Exercise requirements
Omit every picture and return the rest of the data unaltered.

Data provided
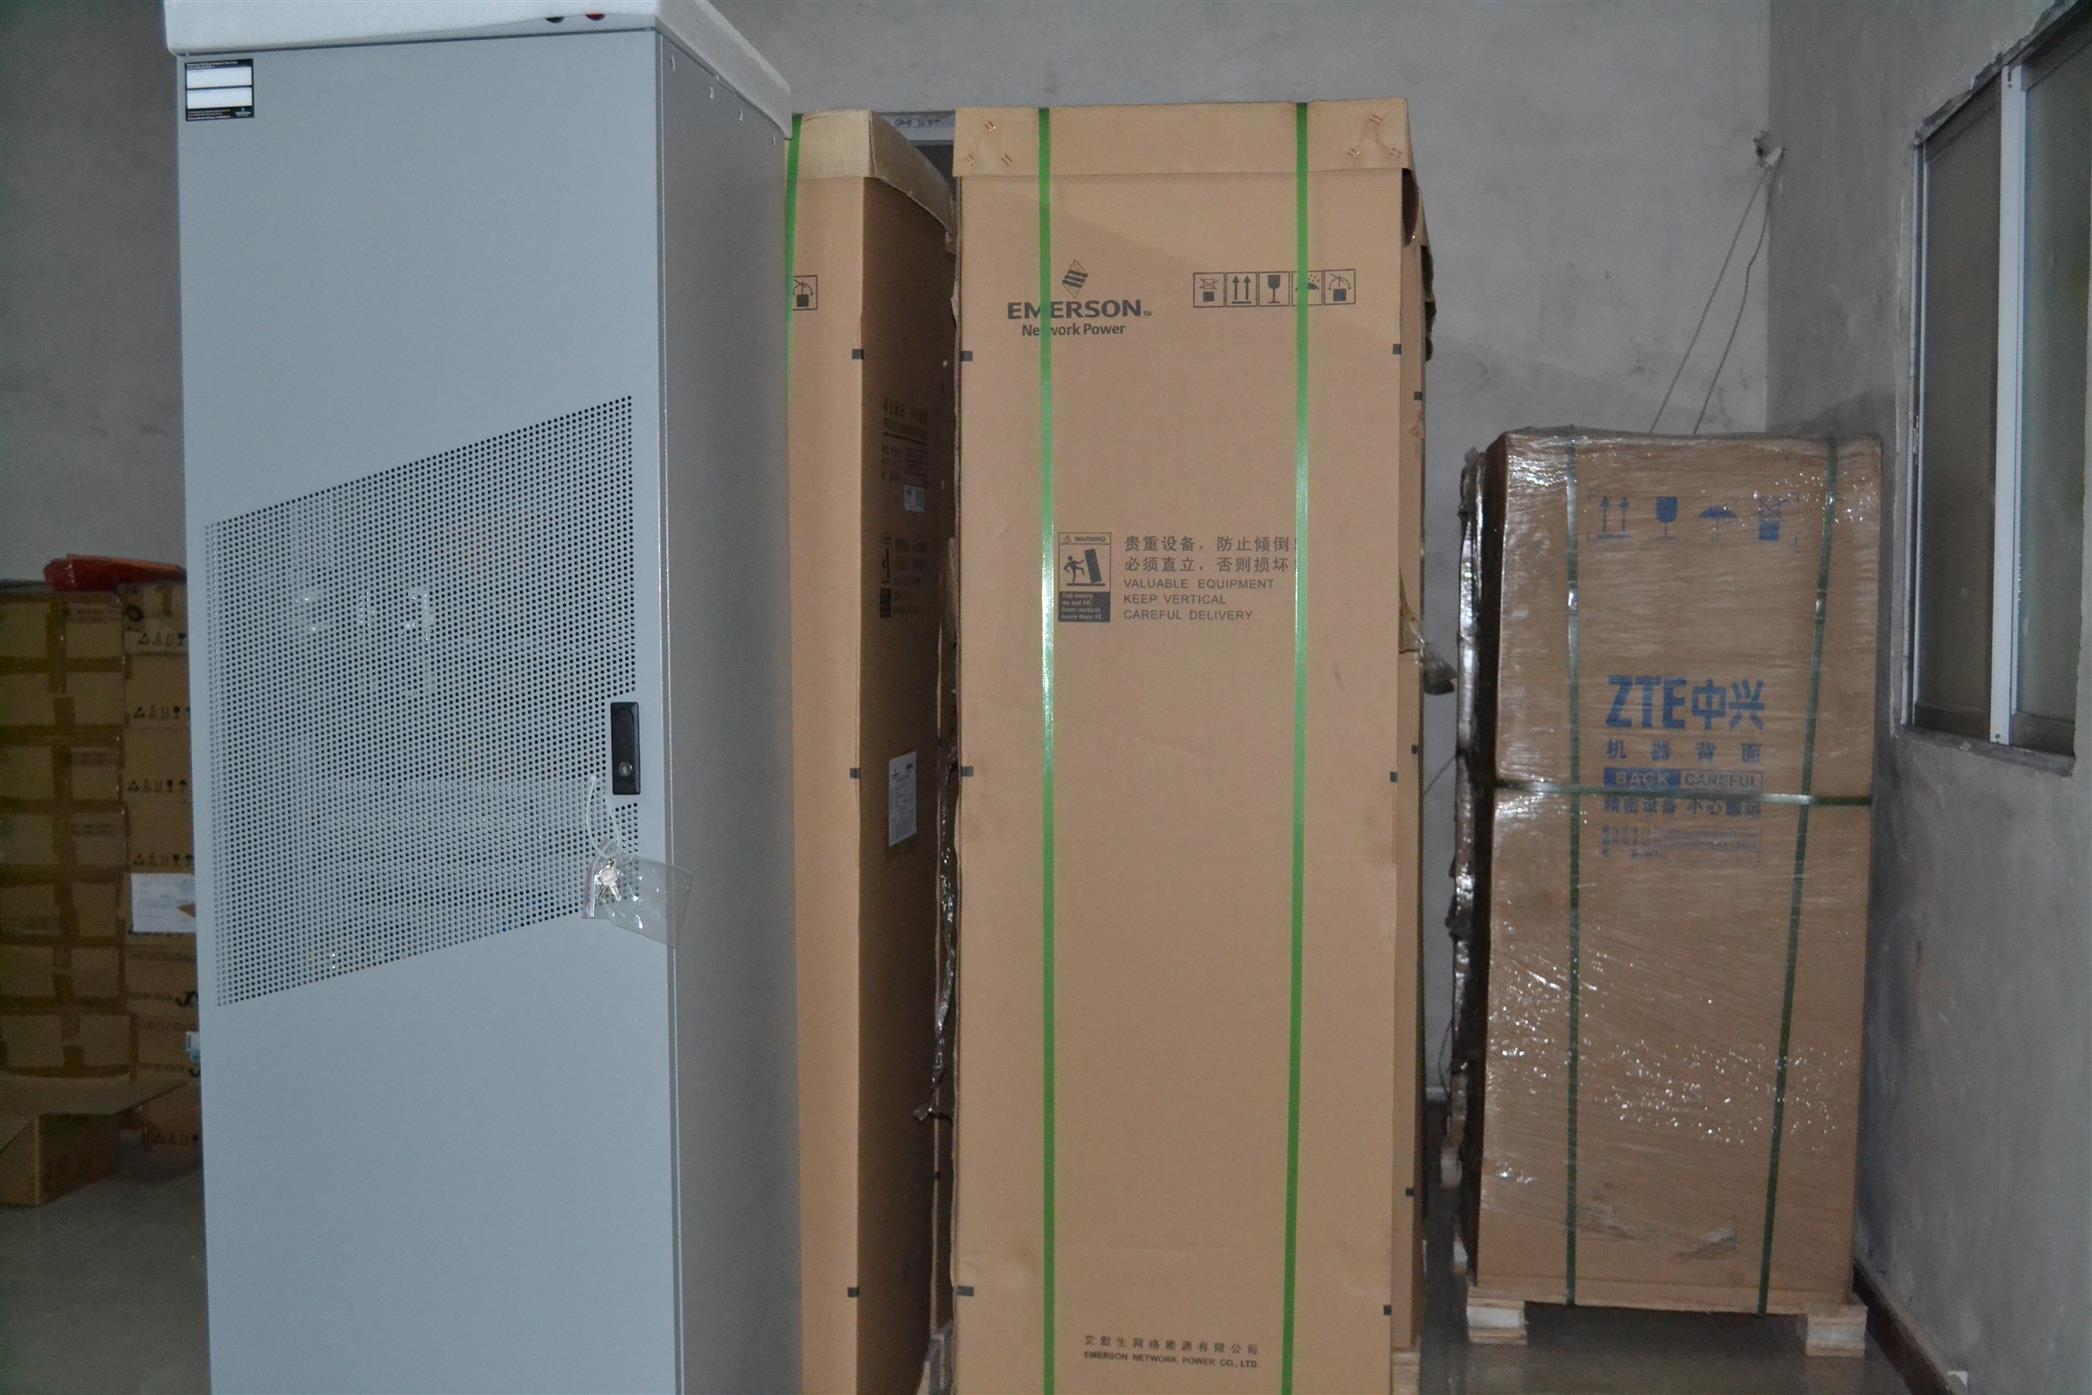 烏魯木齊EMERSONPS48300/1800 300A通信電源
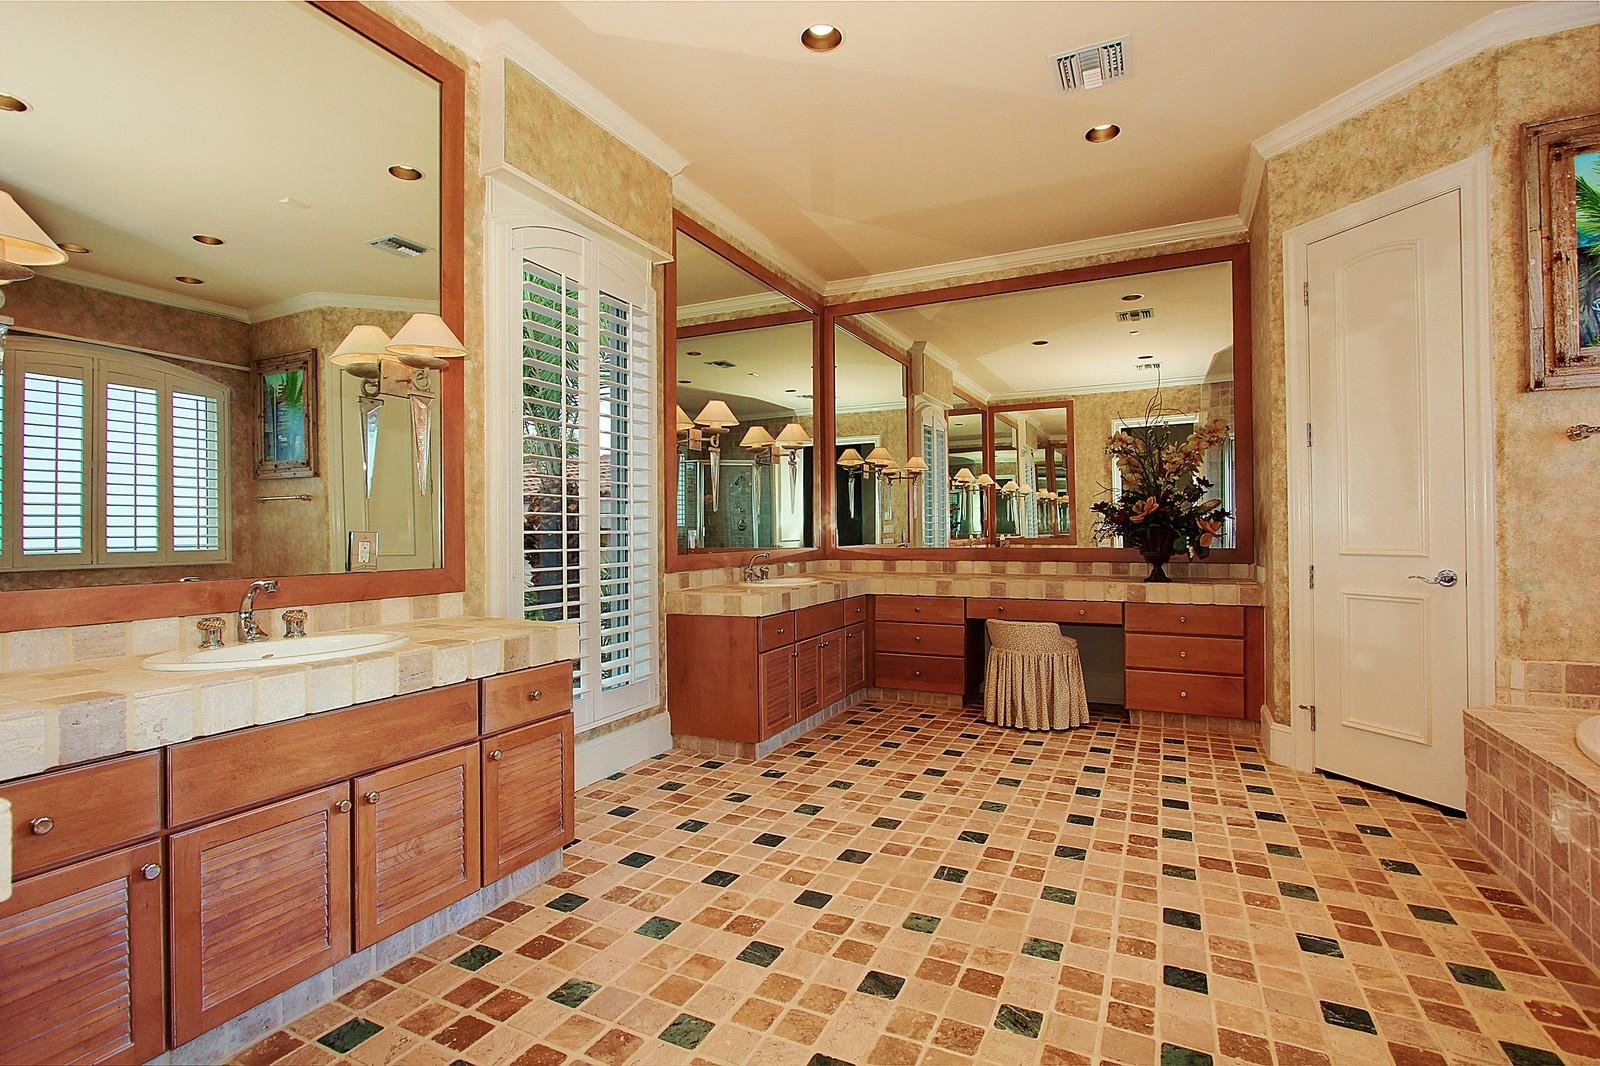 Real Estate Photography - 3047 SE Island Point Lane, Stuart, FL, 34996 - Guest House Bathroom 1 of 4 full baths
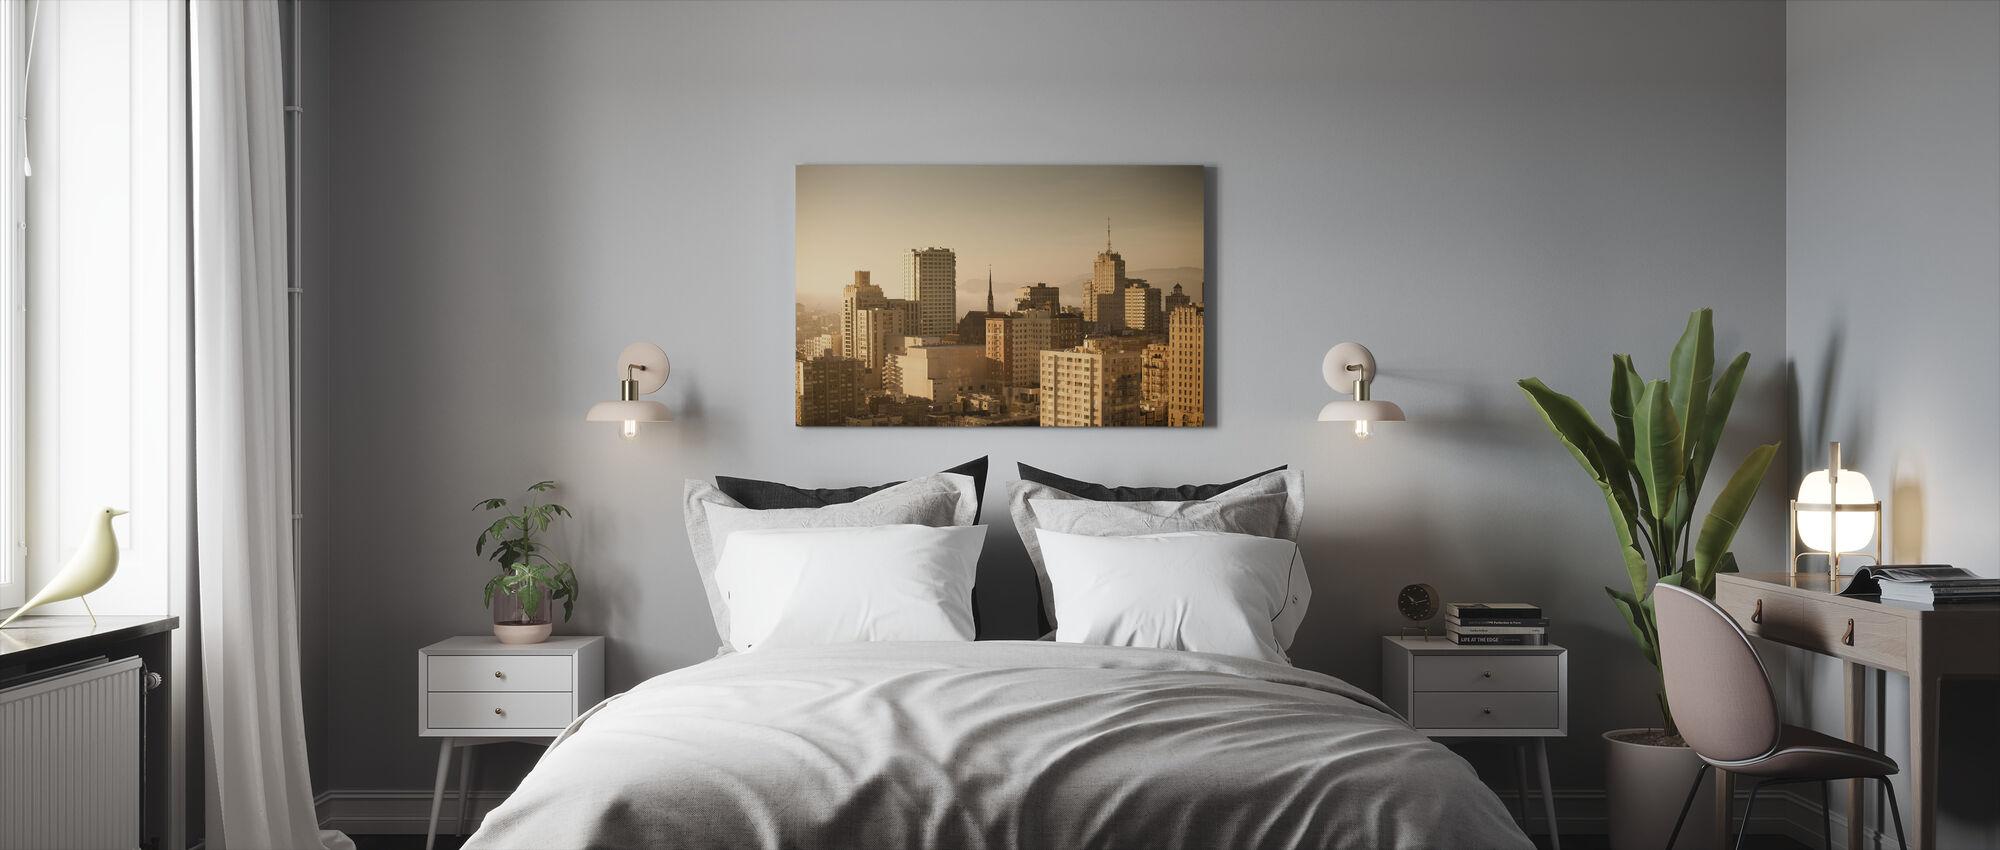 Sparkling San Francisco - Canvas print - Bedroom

Exercise result
 烏魯木齊EMERSONPS48300/1800 300A通信電源
 Real Estate Photography - 3047 SE Island Point Lane, Stuart, FL, 34996 - Guest House Bathroom 1 of 4 full baths
 Sparkling San Francisco - Canvas print - Bedroom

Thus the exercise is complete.